• [PROBLEM TO SOLVE]:
In the entries that follow, find the line containing "Εξαφάνιση μικρής Μαντλίν: Αυτός" and the line containing "Videoclip de Yolanda", then copy exactly everything from the first through the second except the pictures.

• [PROVIDED DATA]:
○ ○ ○ ○
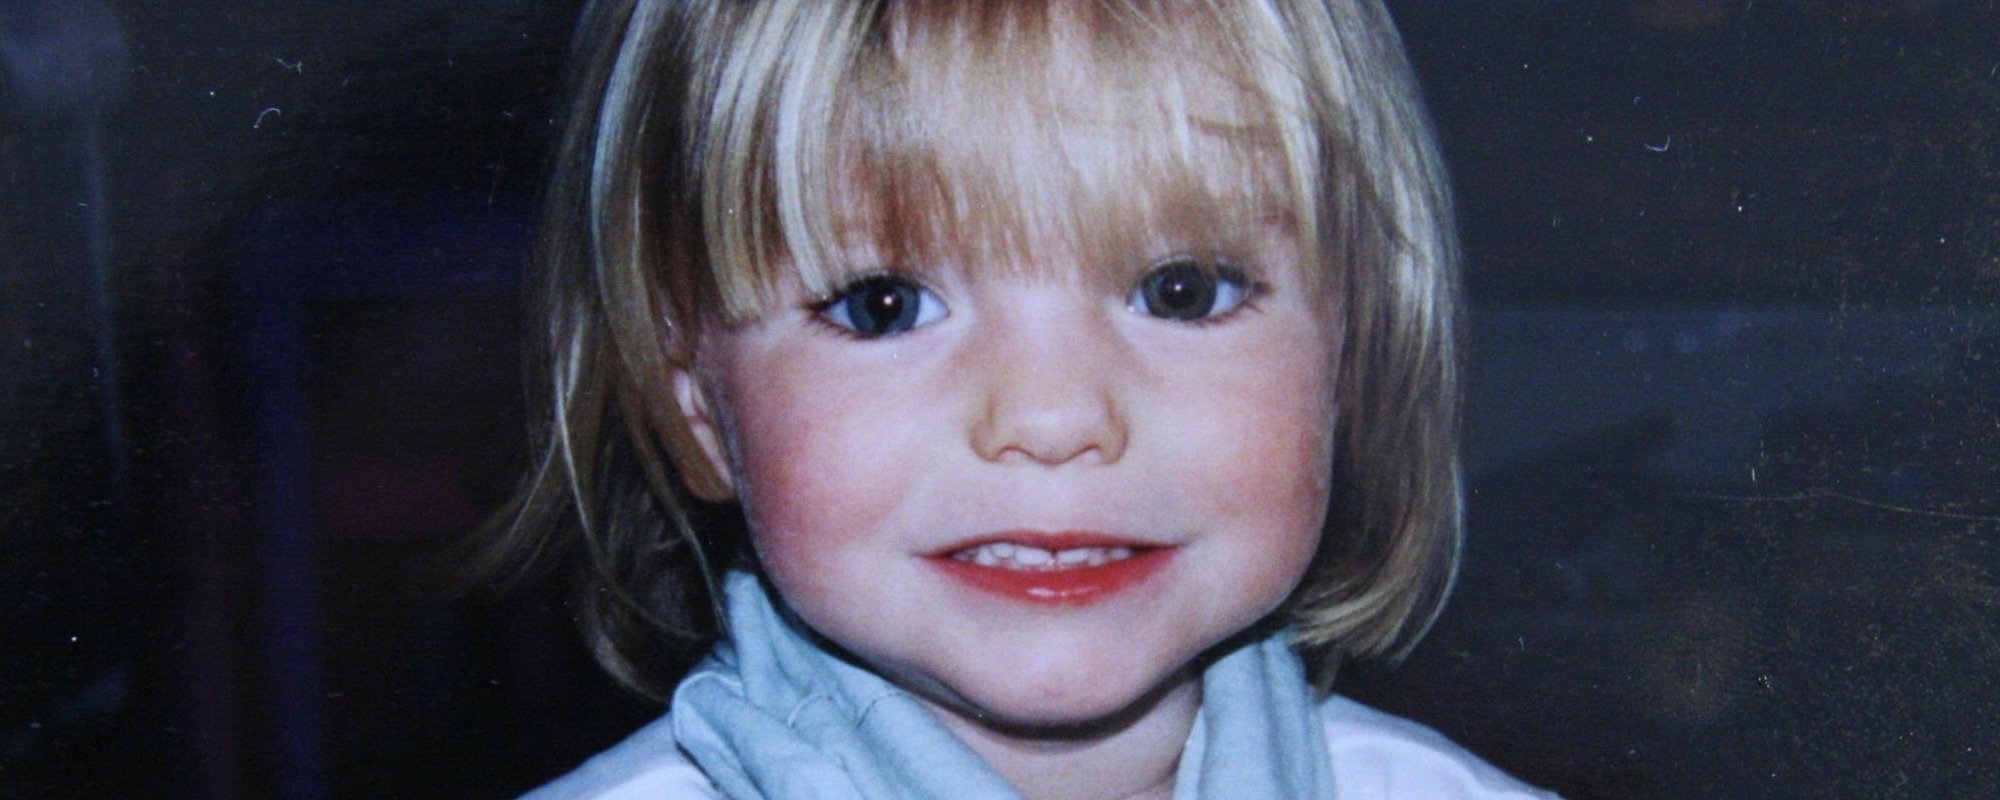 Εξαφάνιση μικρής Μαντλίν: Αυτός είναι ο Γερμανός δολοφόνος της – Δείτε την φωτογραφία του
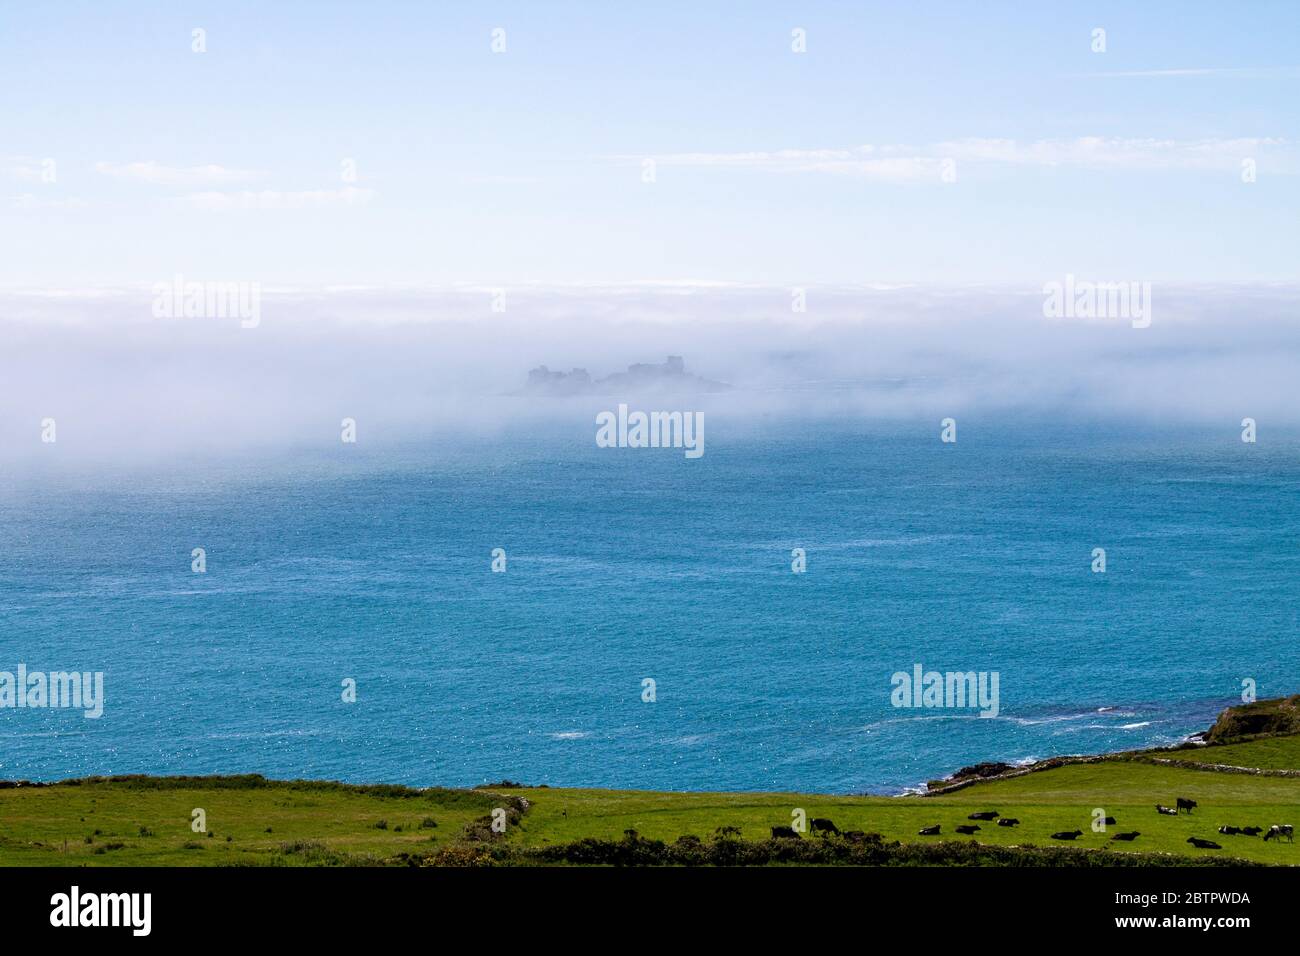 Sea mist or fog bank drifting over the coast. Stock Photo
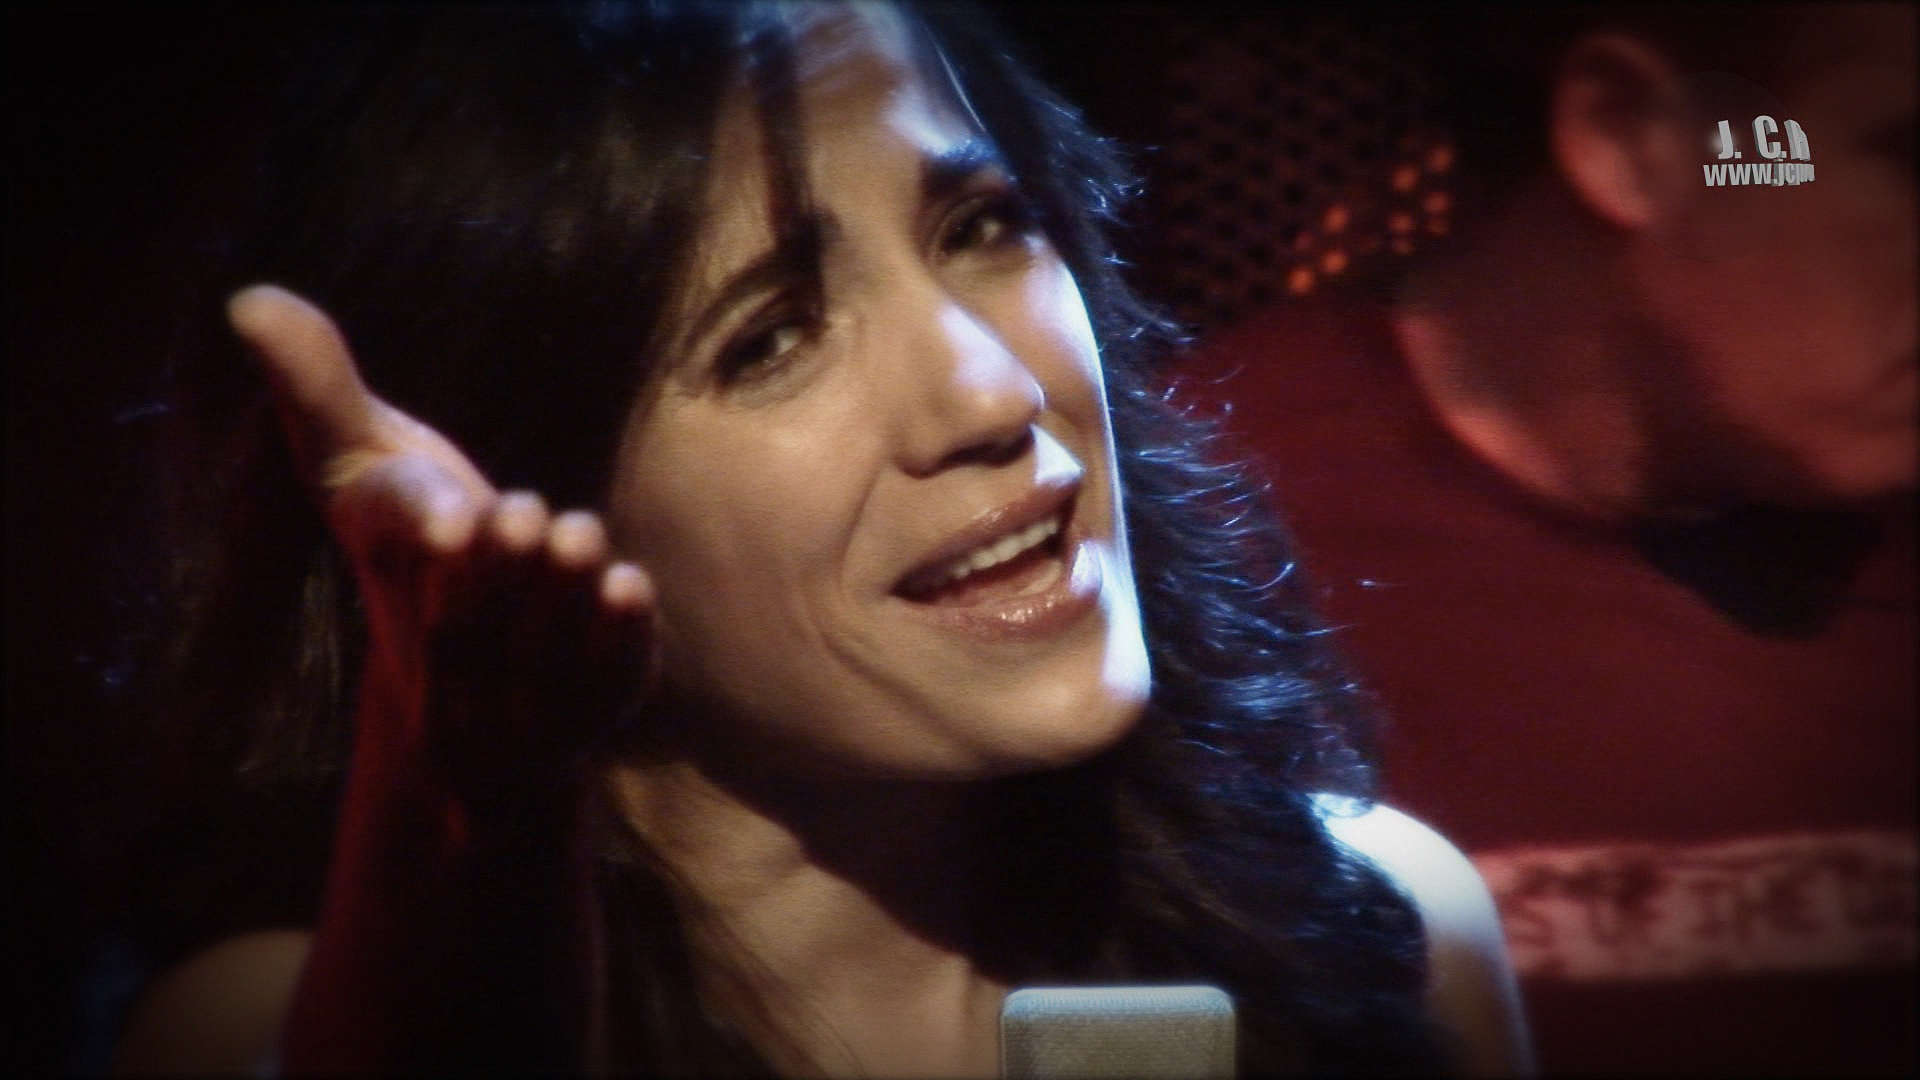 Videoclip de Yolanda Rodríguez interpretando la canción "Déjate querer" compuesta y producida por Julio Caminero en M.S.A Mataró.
○ ○ ○ ○
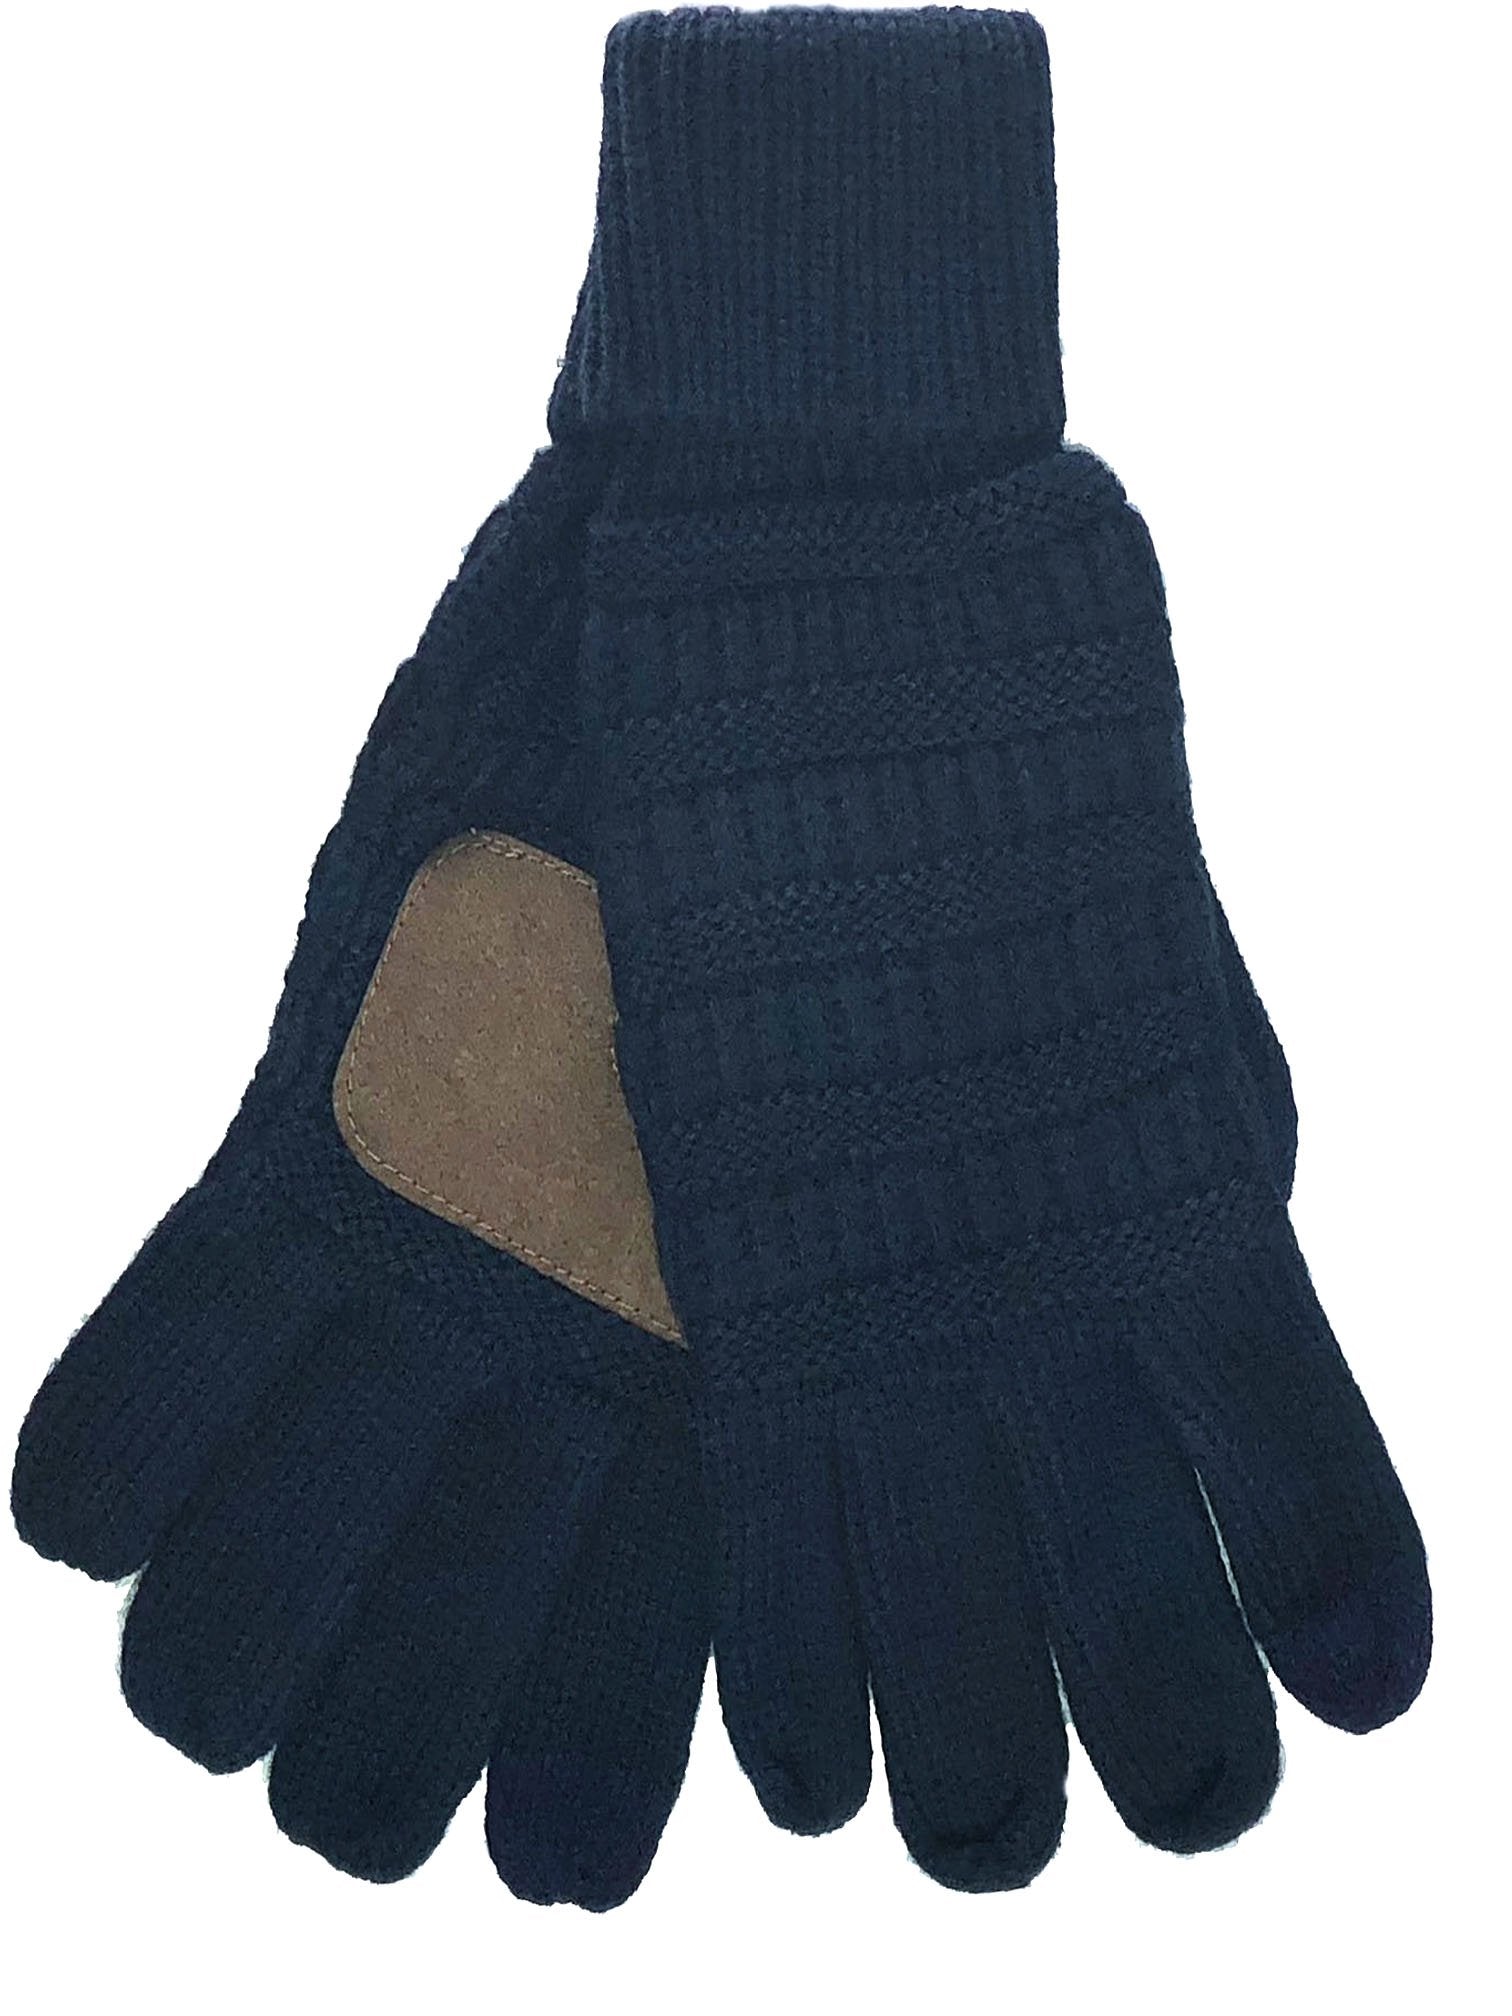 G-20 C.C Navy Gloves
○ ○ ○ ○
• [TASK RESPONSE]:
 Εξαφάνιση μικρής Μαντλίν: Αυτός είναι ο Γερμανός δολοφόνος της – Δείτε την φωτογραφία του
 Sea mist or fog bank drifting over the coast. Stock Photo
 Videoclip de Yolanda Rodríguez interpretando la canción "Déjate querer" compuesta y producida por Julio Caminero en M.S.A Mataró.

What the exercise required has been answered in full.